Following the retraction, Defence Minister Moshe Yaalon of Prime Minister Benjamin Netanyahu’s Likud party said he had "full confidence" in him.
 
"The attacks on him due to intentional, distorted interpretations of something he said yesterday, are an additional attempt of a worrisome campaign to inflict political damage on the IDF and its offers," Yaalon said.

Centre-left Zionist Union chairman Isaac Herzog also backed Golan even prior to Thursday's statement calling him a "brave commander".

"Disturbed people who will start shouting now against him ought to know, this is what morality and responsibility sound like,'" Herzog said.

Leftist Meretz leader Zehava Galon also said Golan's comments "reflect the depth of the serious crisis between military commanders and the political echelons who undermine IDF values and encourage militancy".

In his speech, Golan went on to call for Holocaust Remembrance day to be a day of "national atonement [that] ought to include unsettling issues".

“The IDF has always taken pride in its ability to investigate difficult events impartially and to take full responsibility for what is good but also for what is bad and unacceptable… We believe very much in the justice of our path, but not everything we do is just. We trust the IDF's moral standards as an organisation, but we do not ignore individual deviations."
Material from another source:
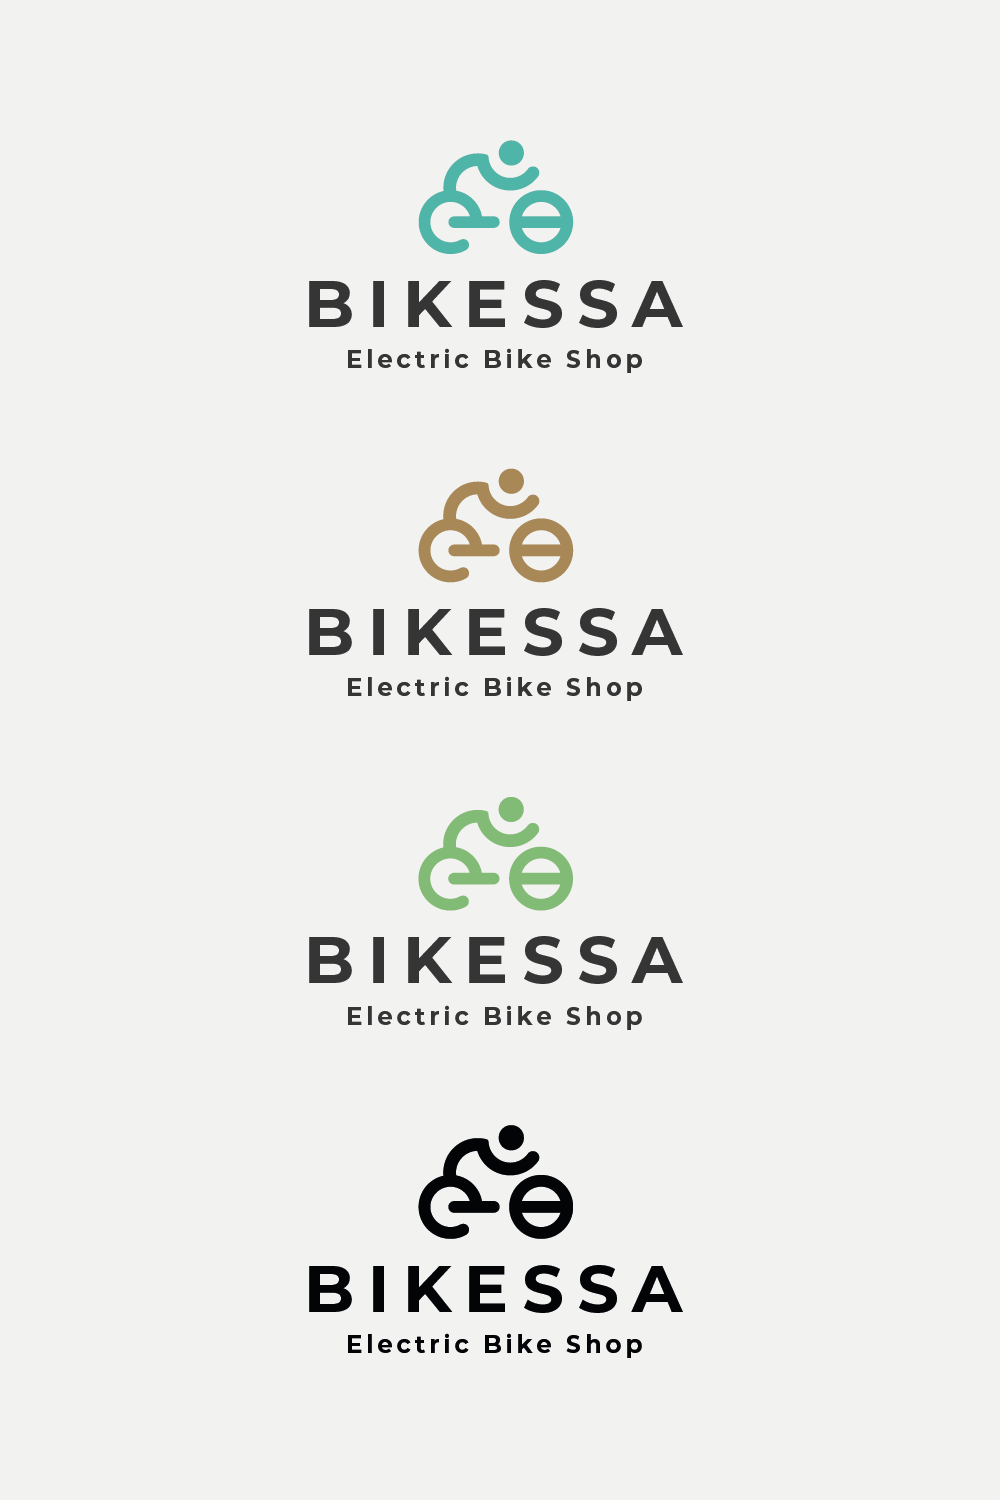 Electric Bike Shopping Logo pinterest preview image.

The Golan controversy comes amidst a growing debate about alleged anti-Semitism in Europe. 

On Wednesday, the justice minister told the Washington Post that she was deeply fearful of a rise in anti-Semitism in Europe. 

“In the past, we saw European leaders speaking against the Jews. Now, we see them speaking against Israel. It is the same anti-Semitism of blood libels, spreading lies, distorting reality and brainwashing people into hating Israel and the Jews,” Shaked told the paper. We can still witness anti-Semitism today. In fact, the anti-Semitic voices seem to get louder and stronger still."